▶ [TASK INSTRUCTIONS]
Nothing in the data is to be left out; copy it exactly.

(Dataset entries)

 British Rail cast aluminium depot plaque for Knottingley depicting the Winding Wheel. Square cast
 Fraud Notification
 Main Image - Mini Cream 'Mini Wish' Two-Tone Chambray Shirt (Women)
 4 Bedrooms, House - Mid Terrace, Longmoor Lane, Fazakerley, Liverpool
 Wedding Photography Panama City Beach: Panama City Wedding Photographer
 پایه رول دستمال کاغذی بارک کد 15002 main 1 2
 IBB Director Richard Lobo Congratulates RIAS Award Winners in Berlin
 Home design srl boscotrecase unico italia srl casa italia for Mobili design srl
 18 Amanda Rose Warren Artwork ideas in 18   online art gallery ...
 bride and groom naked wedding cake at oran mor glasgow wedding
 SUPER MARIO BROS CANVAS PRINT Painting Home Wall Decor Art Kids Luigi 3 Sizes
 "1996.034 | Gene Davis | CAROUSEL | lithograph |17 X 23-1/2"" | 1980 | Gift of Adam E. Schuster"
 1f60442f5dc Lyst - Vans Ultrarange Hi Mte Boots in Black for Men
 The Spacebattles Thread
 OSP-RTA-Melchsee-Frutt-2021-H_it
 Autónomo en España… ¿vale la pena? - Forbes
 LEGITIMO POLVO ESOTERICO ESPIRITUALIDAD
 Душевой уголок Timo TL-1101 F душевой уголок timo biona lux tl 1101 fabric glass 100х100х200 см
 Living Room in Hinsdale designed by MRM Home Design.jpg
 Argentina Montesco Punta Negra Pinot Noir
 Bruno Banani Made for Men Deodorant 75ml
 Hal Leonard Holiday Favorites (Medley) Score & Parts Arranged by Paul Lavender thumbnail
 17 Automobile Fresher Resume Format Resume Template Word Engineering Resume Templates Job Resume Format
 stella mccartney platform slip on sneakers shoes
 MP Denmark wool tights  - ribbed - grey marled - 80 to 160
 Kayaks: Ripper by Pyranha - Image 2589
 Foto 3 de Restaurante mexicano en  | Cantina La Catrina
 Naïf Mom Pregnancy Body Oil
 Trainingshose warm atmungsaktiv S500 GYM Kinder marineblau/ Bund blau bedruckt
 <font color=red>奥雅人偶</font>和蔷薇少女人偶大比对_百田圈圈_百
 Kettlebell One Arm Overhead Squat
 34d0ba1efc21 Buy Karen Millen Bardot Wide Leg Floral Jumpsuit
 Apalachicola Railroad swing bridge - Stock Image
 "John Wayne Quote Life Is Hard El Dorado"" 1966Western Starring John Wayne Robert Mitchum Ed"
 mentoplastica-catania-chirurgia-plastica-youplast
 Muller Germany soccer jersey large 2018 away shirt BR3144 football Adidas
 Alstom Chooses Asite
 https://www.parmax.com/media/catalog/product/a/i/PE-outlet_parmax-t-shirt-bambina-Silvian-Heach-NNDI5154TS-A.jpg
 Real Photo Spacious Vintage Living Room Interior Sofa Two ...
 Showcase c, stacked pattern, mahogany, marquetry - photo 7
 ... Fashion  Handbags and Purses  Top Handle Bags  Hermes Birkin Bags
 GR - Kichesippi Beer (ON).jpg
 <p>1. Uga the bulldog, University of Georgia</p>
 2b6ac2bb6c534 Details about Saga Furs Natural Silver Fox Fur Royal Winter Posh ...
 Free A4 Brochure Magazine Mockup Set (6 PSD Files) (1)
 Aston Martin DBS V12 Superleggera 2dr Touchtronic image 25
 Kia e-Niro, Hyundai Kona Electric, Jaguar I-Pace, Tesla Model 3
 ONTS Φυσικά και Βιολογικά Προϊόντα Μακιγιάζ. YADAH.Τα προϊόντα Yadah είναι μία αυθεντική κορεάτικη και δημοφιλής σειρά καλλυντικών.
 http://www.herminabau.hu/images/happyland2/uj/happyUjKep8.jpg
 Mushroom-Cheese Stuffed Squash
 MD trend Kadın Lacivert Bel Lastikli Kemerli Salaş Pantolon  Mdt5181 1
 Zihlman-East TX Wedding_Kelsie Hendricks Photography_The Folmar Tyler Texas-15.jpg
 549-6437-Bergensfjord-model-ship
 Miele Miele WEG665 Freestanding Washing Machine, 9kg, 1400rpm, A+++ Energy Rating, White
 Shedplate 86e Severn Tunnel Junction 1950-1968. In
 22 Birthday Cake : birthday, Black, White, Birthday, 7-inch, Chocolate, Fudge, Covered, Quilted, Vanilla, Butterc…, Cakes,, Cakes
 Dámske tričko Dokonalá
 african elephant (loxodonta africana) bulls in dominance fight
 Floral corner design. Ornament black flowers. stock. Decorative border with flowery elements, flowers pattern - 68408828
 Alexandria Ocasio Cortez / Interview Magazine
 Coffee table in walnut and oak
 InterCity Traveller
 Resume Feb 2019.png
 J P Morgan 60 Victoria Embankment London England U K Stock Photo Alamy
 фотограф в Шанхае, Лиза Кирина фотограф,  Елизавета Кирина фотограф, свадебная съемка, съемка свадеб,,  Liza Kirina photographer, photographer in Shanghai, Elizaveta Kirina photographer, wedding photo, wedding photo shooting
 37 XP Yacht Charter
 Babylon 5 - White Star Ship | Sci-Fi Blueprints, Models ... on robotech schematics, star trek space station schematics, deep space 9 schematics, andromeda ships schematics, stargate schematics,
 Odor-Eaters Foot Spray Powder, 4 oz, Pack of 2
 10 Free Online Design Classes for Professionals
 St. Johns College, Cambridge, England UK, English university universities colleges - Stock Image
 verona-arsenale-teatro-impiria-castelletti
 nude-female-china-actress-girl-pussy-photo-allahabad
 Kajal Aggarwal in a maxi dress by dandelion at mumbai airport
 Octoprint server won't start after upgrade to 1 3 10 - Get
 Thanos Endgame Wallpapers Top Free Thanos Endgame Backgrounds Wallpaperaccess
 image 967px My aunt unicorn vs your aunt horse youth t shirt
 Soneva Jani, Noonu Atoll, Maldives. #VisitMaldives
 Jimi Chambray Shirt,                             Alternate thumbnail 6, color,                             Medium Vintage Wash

▶ [OUTPUT]
 British Rail cast aluminium depot plaque for Knottingley depicting the Winding Wheel. Square cast
 Fraud Notification
 Main Image - Mini Cream 'Mini Wish' Two-Tone Chambray Shirt (Women)
 4 Bedrooms, House - Mid Terrace, Longmoor Lane, Fazakerley, Liverpool
 Wedding Photography Panama City Beach: Panama City Wedding Photographer
 پایه رول دستمال کاغذی بارک کد 15002 main 1 2
 IBB Director Richard Lobo Congratulates RIAS Award Winners in Berlin
 Home design srl boscotrecase unico italia srl casa italia for Mobili design srl
 18 Amanda Rose Warren Artwork ideas in 18   online art gallery ...
 bride and groom naked wedding cake at oran mor glasgow wedding
 SUPER MARIO BROS CANVAS PRINT Painting Home Wall Decor Art Kids Luigi 3 Sizes
 "1996.034 | Gene Davis | CAROUSEL | lithograph |17 X 23-1/2"" | 1980 | Gift of Adam E. Schuster"
 1f60442f5dc Lyst - Vans Ultrarange Hi Mte Boots in Black for Men
 The Spacebattles Thread
 OSP-RTA-Melchsee-Frutt-2021-H_it
 Autónomo en España… ¿vale la pena? - Forbes
 LEGITIMO POLVO ESOTERICO ESPIRITUALIDAD
 Душевой уголок Timo TL-1101 F душевой уголок timo biona lux tl 1101 fabric glass 100х100х200 см
 Living Room in Hinsdale designed by MRM Home Design.jpg
 Argentina Montesco Punta Negra Pinot Noir
 Bruno Banani Made for Men Deodorant 75ml
 Hal Leonard Holiday Favorites (Medley) Score & Parts Arranged by Paul Lavender thumbnail
 17 Automobile Fresher Resume Format Resume Template Word Engineering Resume Templates Job Resume Format
 stella mccartney platform slip on sneakers shoes
 MP Denmark wool tights  - ribbed - grey marled - 80 to 160
 Kayaks: Ripper by Pyranha - Image 2589
 Foto 3 de Restaurante mexicano en  | Cantina La Catrina
 Naïf Mom Pregnancy Body Oil
 Trainingshose warm atmungsaktiv S500 GYM Kinder marineblau/ Bund blau bedruckt
 <font color=red>奥雅人偶</font>和蔷薇少女人偶大比对_百田圈圈_百
 Kettlebell One Arm Overhead Squat
 34d0ba1efc21 Buy Karen Millen Bardot Wide Leg Floral Jumpsuit
 Apalachicola Railroad swing bridge - Stock Image
 "John Wayne Quote Life Is Hard El Dorado"" 1966Western Starring John Wayne Robert Mitchum Ed"
 mentoplastica-catania-chirurgia-plastica-youplast
 Muller Germany soccer jersey large 2018 away shirt BR3144 football Adidas
 Alstom Chooses Asite
 https://www.parmax.com/media/catalog/product/a/i/PE-outlet_parmax-t-shirt-bambina-Silvian-Heach-NNDI5154TS-A.jpg
 Real Photo Spacious Vintage Living Room Interior Sofa Two ...
 Showcase c, stacked pattern, mahogany, marquetry - photo 7
 ... Fashion  Handbags and Purses  Top Handle Bags  Hermes Birkin Bags
 GR - Kichesippi Beer (ON).jpg
 <p>1. Uga the bulldog, University of Georgia</p>
 2b6ac2bb6c534 Details about Saga Furs Natural Silver Fox Fur Royal Winter Posh ...
 Free A4 Brochure Magazine Mockup Set (6 PSD Files) (1)
 Aston Martin DBS V12 Superleggera 2dr Touchtronic image 25
 Kia e-Niro, Hyundai Kona Electric, Jaguar I-Pace, Tesla Model 3
 ONTS Φυσικά και Βιολογικά Προϊόντα Μακιγιάζ. YADAH.Τα προϊόντα Yadah είναι μία αυθεντική κορεάτικη και δημοφιλής σειρά καλλυντικών.
 http://www.herminabau.hu/images/happyland2/uj/happyUjKep8.jpg
 Mushroom-Cheese Stuffed Squash
 MD trend Kadın Lacivert Bel Lastikli Kemerli Salaş Pantolon  Mdt5181 1
 Zihlman-East TX Wedding_Kelsie Hendricks Photography_The Folmar Tyler Texas-15.jpg
 549-6437-Bergensfjord-model-ship
 Miele Miele WEG665 Freestanding Washing Machine, 9kg, 1400rpm, A+++ Energy Rating, White
 Shedplate 86e Severn Tunnel Junction 1950-1968. In
 22 Birthday Cake : birthday, Black, White, Birthday, 7-inch, Chocolate, Fudge, Covered, Quilted, Vanilla, Butterc…, Cakes,, Cakes
 Dámske tričko Dokonalá
 african elephant (loxodonta africana) bulls in dominance fight
 Floral corner design. Ornament black flowers. stock. Decorative border with flowery elements, flowers pattern - 68408828
 Alexandria Ocasio Cortez / Interview Magazine
 Coffee table in walnut and oak
 InterCity Traveller
 Resume Feb 2019.png
 J P Morgan 60 Victoria Embankment London England U K Stock Photo Alamy
 фотограф в Шанхае, Лиза Кирина фотограф,  Елизавета Кирина фотограф, свадебная съемка, съемка свадеб,,  Liza Kirina photographer, photographer in Shanghai, Elizaveta Kirina photographer, wedding photo, wedding photo shooting
 37 XP Yacht Charter
 Babylon 5 - White Star Ship | Sci-Fi Blueprints, Models ... on robotech schematics, star trek space station schematics, deep space 9 schematics, andromeda ships schematics, stargate schematics,
 Odor-Eaters Foot Spray Powder, 4 oz, Pack of 2
 10 Free Online Design Classes for Professionals
 St. Johns College, Cambridge, England UK, English university universities colleges - Stock Image
 verona-arsenale-teatro-impiria-castelletti
 nude-female-china-actress-girl-pussy-photo-allahabad
 Kajal Aggarwal in a maxi dress by dandelion at mumbai airport
 Octoprint server won't start after upgrade to 1 3 10 - Get
 Thanos Endgame Wallpapers Top Free Thanos Endgame Backgrounds Wallpaperaccess
 image 967px My aunt unicorn vs your aunt horse youth t shirt
 Soneva Jani, Noonu Atoll, Maldives. #VisitMaldives
 Jimi Chambray Shirt,                             Alternate thumbnail 6, color,                             Medium Vintage Wash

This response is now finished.